Впоследствии и эта минута часто вставала в моей душе, особенно в часы усталости, как первообраз глубокого, но живого покоя… Природа ласково манила ребенка в начале его жизни своей нескончаемой, непонятной тайной, как будто обещая где-то в бесконечности глубину познания и блаженство разгадки…

Как, однако, грубо наши слова выражают наши ощущения… В душе есть тоже много непонятного говора, который не выразить грубыми словами, как и речи природы… И это именно то, где душа и природа составляют одно…

Все это разрозненные, отдельные впечатления полусознательного существования, не связанные как будто ничем, кроме личного ощущения. Последним из них является переезд на новую квартиру… И даже не переезд (его я не помню, как не помню и прежней квартиры), а опять первое впечатление от «нового дома», от «нового двора и сада». Все это показалось мне новым миром, но странно: затем это воспоминание выпадает из моей памяти. Я вспомнил о нем только уже через несколько лет, и когда вспомнил, то даже удивился, так как мне представлялось в то время, что мы жили в этом доме вечно и что вообще в мире никаких крупных перемен не бывает. Основным фоном моих впечатлений за несколько детских лет является бессознательная уверенность в полной законченности и неизменяемости всего, что меня окружало. Если бы я имел ясное понятие о творении, то, вероятно, сказал бы тогда, что мой отец (которого я знал хромым) так и был создан с палкой в руке, что бабушку бог сотворил именно бабушкой, что мать моя всегда была такая же красивая голубоглазая женщина с русой косой, что даже сарай за домом так и явился на свет покосившимся и с зелеными лишаями на крыше. Это было тихое, устойчивое нарастание жизненных сил, плавно уносившее меня вместе с окружающим мирком, а берега стороннего необъятного мира, по которым можно было бы заметить движение, мне тогда не были видны… И сам я, казалось, всегда был таким же мальчиком с большой головой, причем старший брат был несколько выше меня, а младший ниже… И эти взаимные отношения должны были остаться навсегда… Мы говорили иной раз: «когда мы будем большими», или: «когда мы умрем», но это была глупая фраза, пустая, без живого содержания…
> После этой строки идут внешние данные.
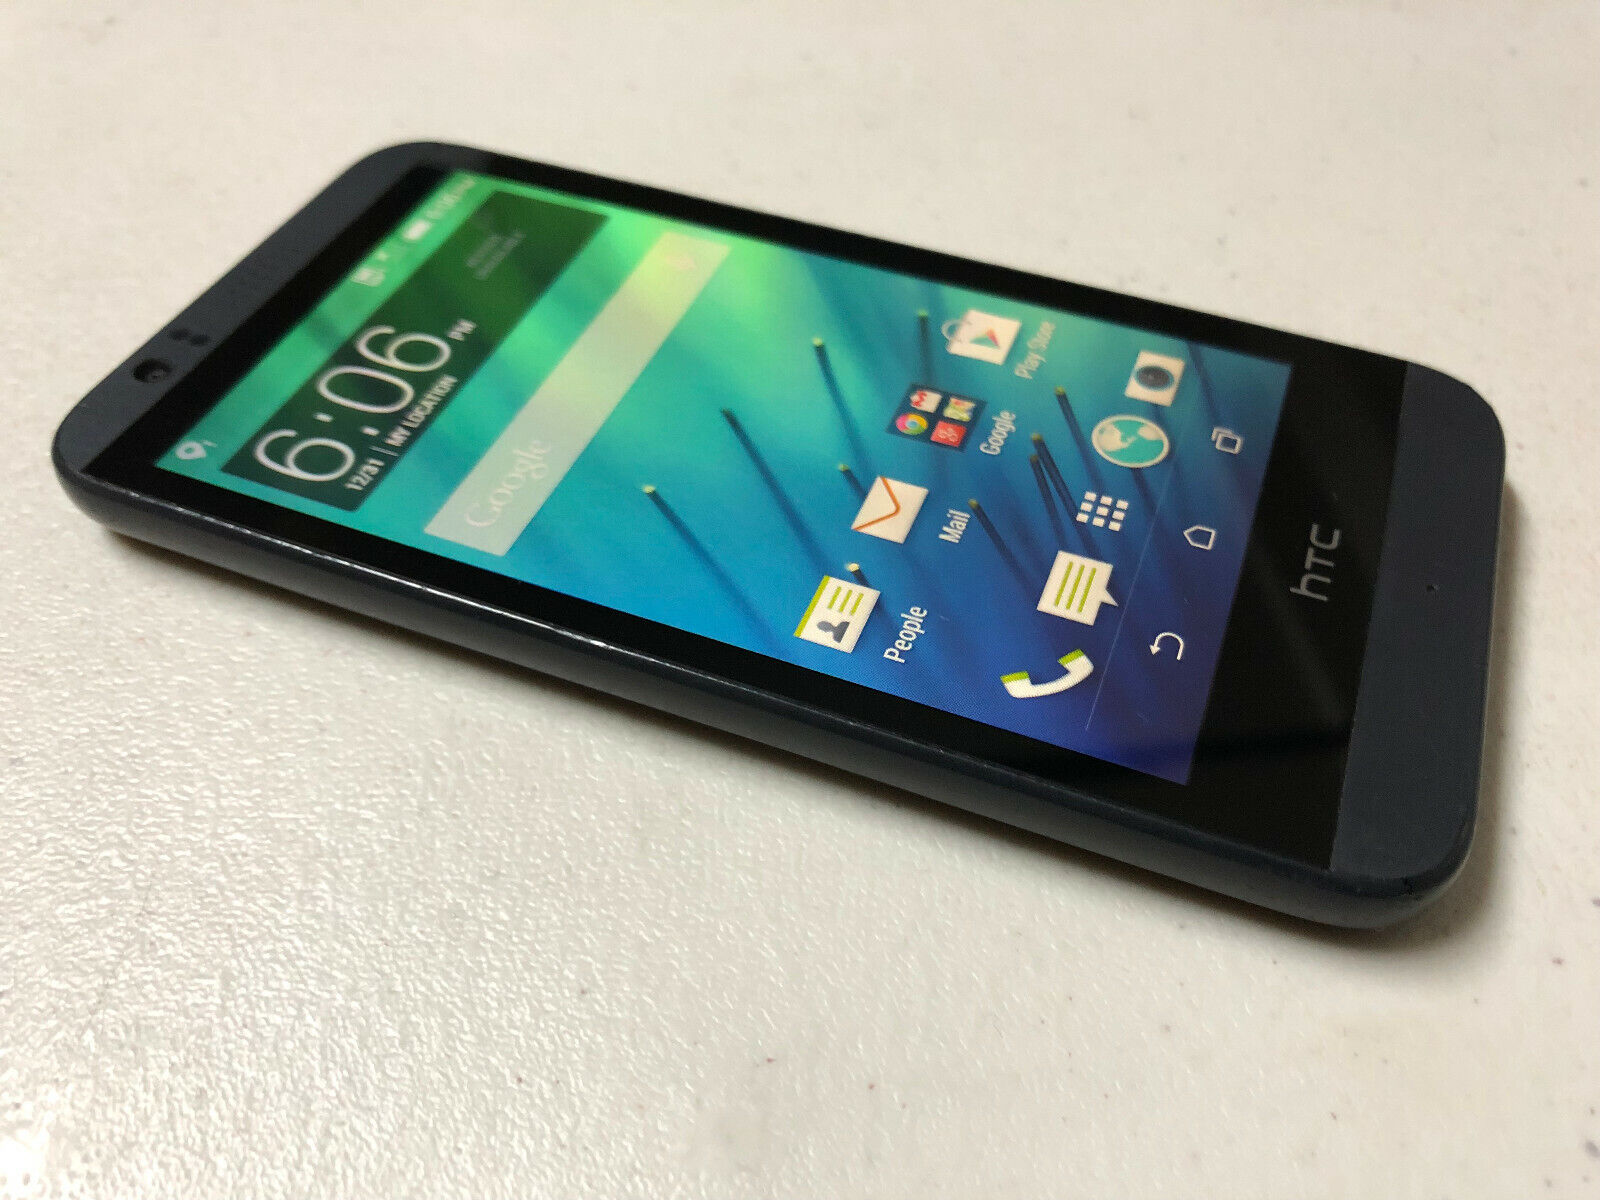 HTC Desire 510 - 8GB - Black (Cricket) Android Smartphone HTC HTC Desire 510
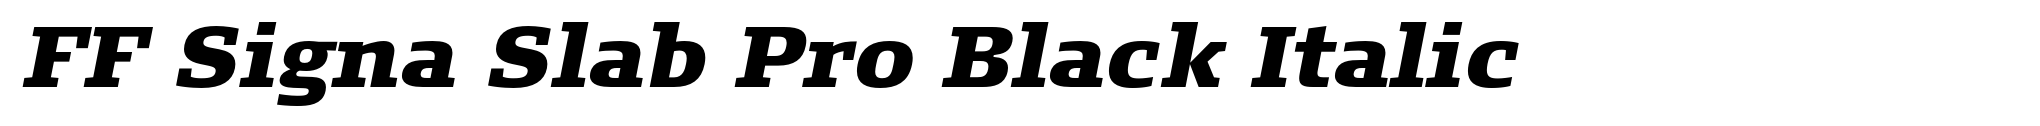 FF Signa Slab Pro Black Italic image

Однажды утром мой младший брат, который и засыпал, и вставал раньше меня, подошел к моей постели и сказал с особенным выражением в голосе:

– Вставай, скорей… Что я тебе покажу!

– Что такое?

– Увидишь. Скорей, я ждать не стану.

И он опять ушел на двор с видом серьезного человека, не желающего терять время. Я торопливо оделся и вышел за ним. Оказалось, что какие-то незнакомые нам мужики совершенно разрушили наше парадное крыльцо. От него оставалась куча досок и разной деревянной гнили, а выходная дверь странным образом висела высоко над землей. А главное – под дверью зияла глубокая рана из облупленной штукатурки, темных бревен и свай… Впечатление было резко, отчасти болезненно, но еще более поразительно. Брат стоял неподвижно, глубоко заинтересованный, и провожал глазами каждое движение плотников. Я присоединился к его безмолвному созерцанию, а вскоре к нам обоим присоединилась и сестра . И так мы простояли долго, ничего не говоря и не двигаясь. Дня через три – четыре новое крыльцо было готово на месте старого, и мне положительно казалось, что физиономия нашего дома совершенно изменилась. Новое крыльцо было явно «приставлено», тогда как старое казалось органической частью нашего почтенного цельного дома, как нос или брови у человека.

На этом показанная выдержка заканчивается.